Ten Tips to Better Passing

  1. Make Sure Pass Hits Target in Right Spot – a pass must be thrown not only in right spot, but at the right time. Timing is the difference between an assist and a turnover. If a shooter catches a pass by his ankles it will throw him out of rythym and lessen the chance of getting an assist and a basket. You always want the pass to hit between waist and chest area depending on if it’s a chest or bounce pass and where teammate calls for the ball.
  2. Observe the Defense – court vision can be improved. You never want to attempt a pass when a player is double teamed or there are defenders camping out in the lane. You should always pass away from the defense.
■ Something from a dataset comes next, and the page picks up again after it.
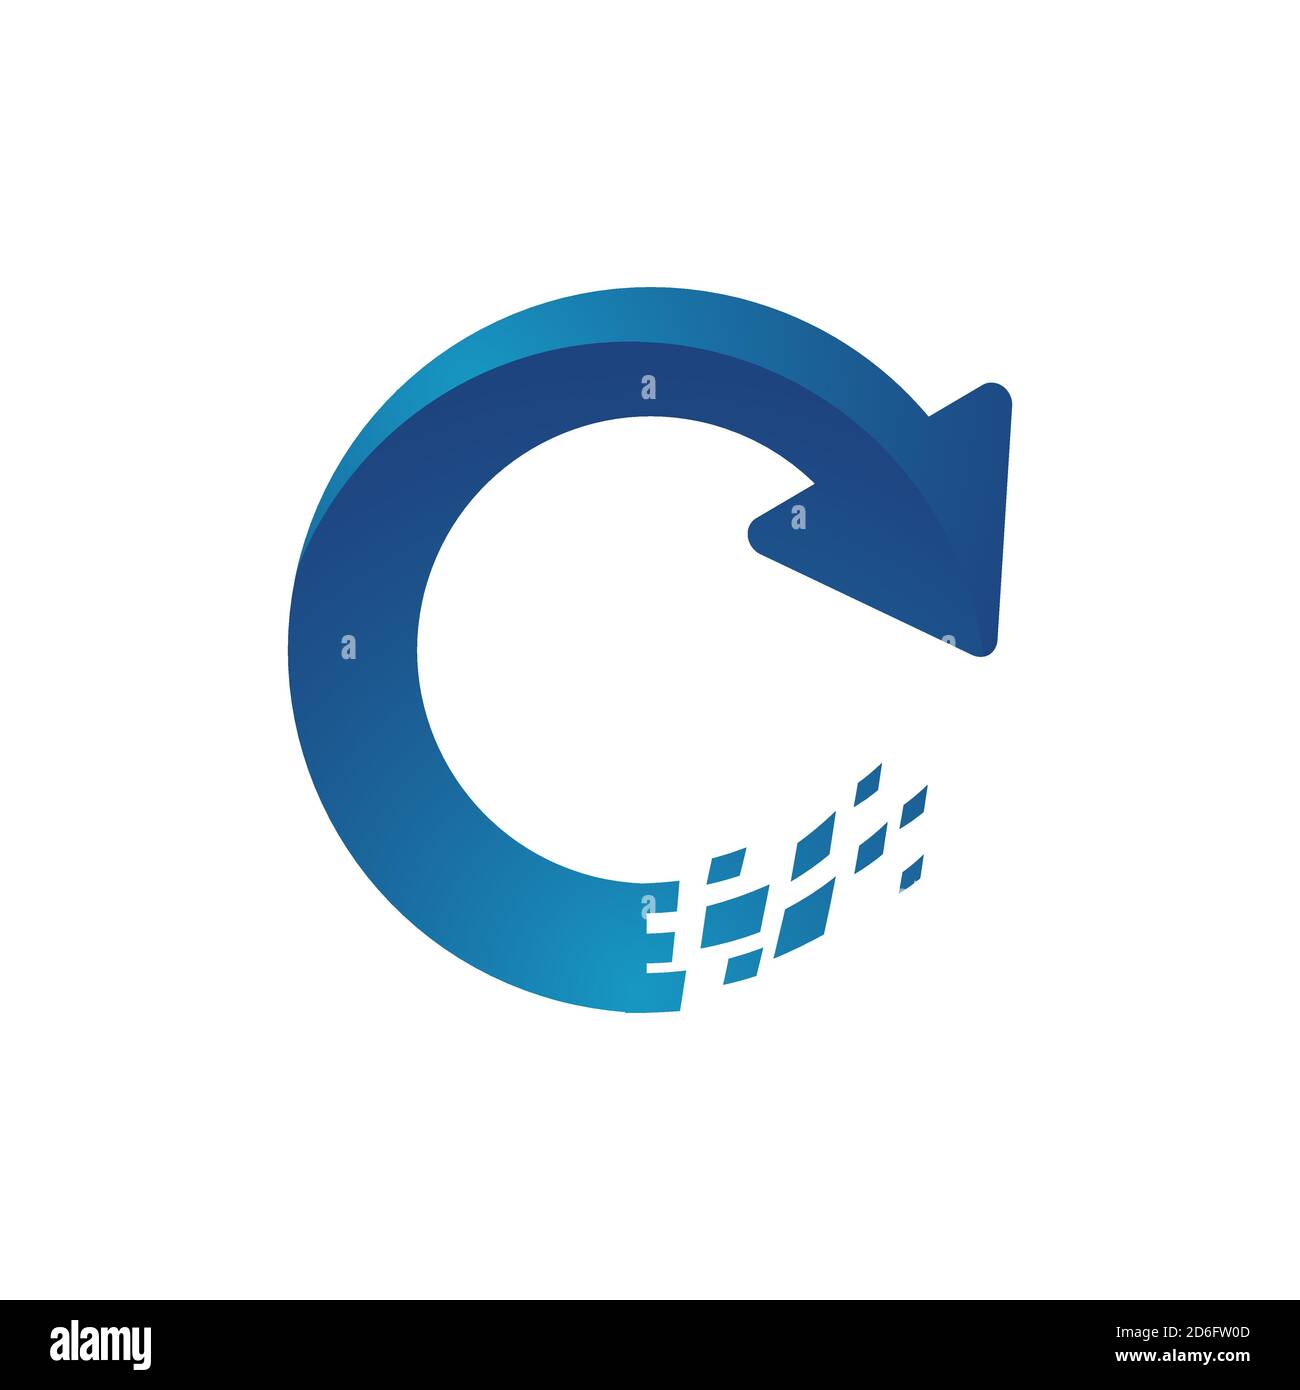 reload logo design vector stylish loading icon circular Arrow Symbol  illustrations Stock Vector

  3. Make the Easy Pass – An easy pass is the sure pass. The riskier the pass the greater chance of turning the ball over. If in doubt keep it simple. Bad passing turnovers are an easy way of getting a seat on the bench.
  4. Do Not Leave Your Feet to Pass – One of the cardinal sins of passing. Jump passes are too risky. Even if you have a great vertical you will only have split second to make the decision of where to go with ball. More often than not a jump pass results in a turnover. Even n.b.a. players attempt this regularly and a lot of times it ends up being an errant pass.
  5. Player Catching Pass Must Use Hands as Target – Having your hands up not only shows you are ready for pass, it improves your chance of catching the pass in the right spot and not stopping your momentum which is key.
  6. Learn the Four Basic Passes – chest pass, bounce pass, overhead pass and the one handed baseball pass. The bounce pass is good for feeding the post. The chest pass when facing a press or on the perimeter and the fast break. The overhead pass is great off a rebound and throwing an outlet pass. The one handed baseball pass is good for long passes down court.
  7. Make the Pass Catchable – If your teammate is five feet from you there’s no need to put a lot of speed on it. Be aware of where your passing and if teammate is ready to catch the pass.
  8. On Most Passes Use Both Hands – This will give you more control and like shooting the ball will allow more backspin on the ball.
  9. Follow Through – There’s a reason you follow through on your shot. You don’t want to shoot the ball short. Same with your pass. Snapping wrists and following through will make sure pass is more accurate.
  10. Step Into Your Pass – This will give you proper speed and allow more control. Lead with your dominant foot.

Passing is an important skill and often overlooked. A good, smart, sharp passer can thread the needle to players cutting to the basket. Too become a sure passer you must practice the fundamentals. Good passing puts demand on the fingers, hands, and wrists. Make sure you hold the ball firmly, but not tightly with your fingers spread and relaxed, wrists loose, and elbows at your side. Always have your eyes on the target. A great passer has the vision, patience, and control of the pass. If you want to become a better passer follow these tips and always try to practice with defenders if possible. You want to simulate game type situations and passes whenever possible. Remember passing is not only an important skill it can also be contagious with your teammates. Once you master the basic passes you can start with more advanced passes like behind the back and others. The game needs better passers. Your teammates and coaches will always love a good passer.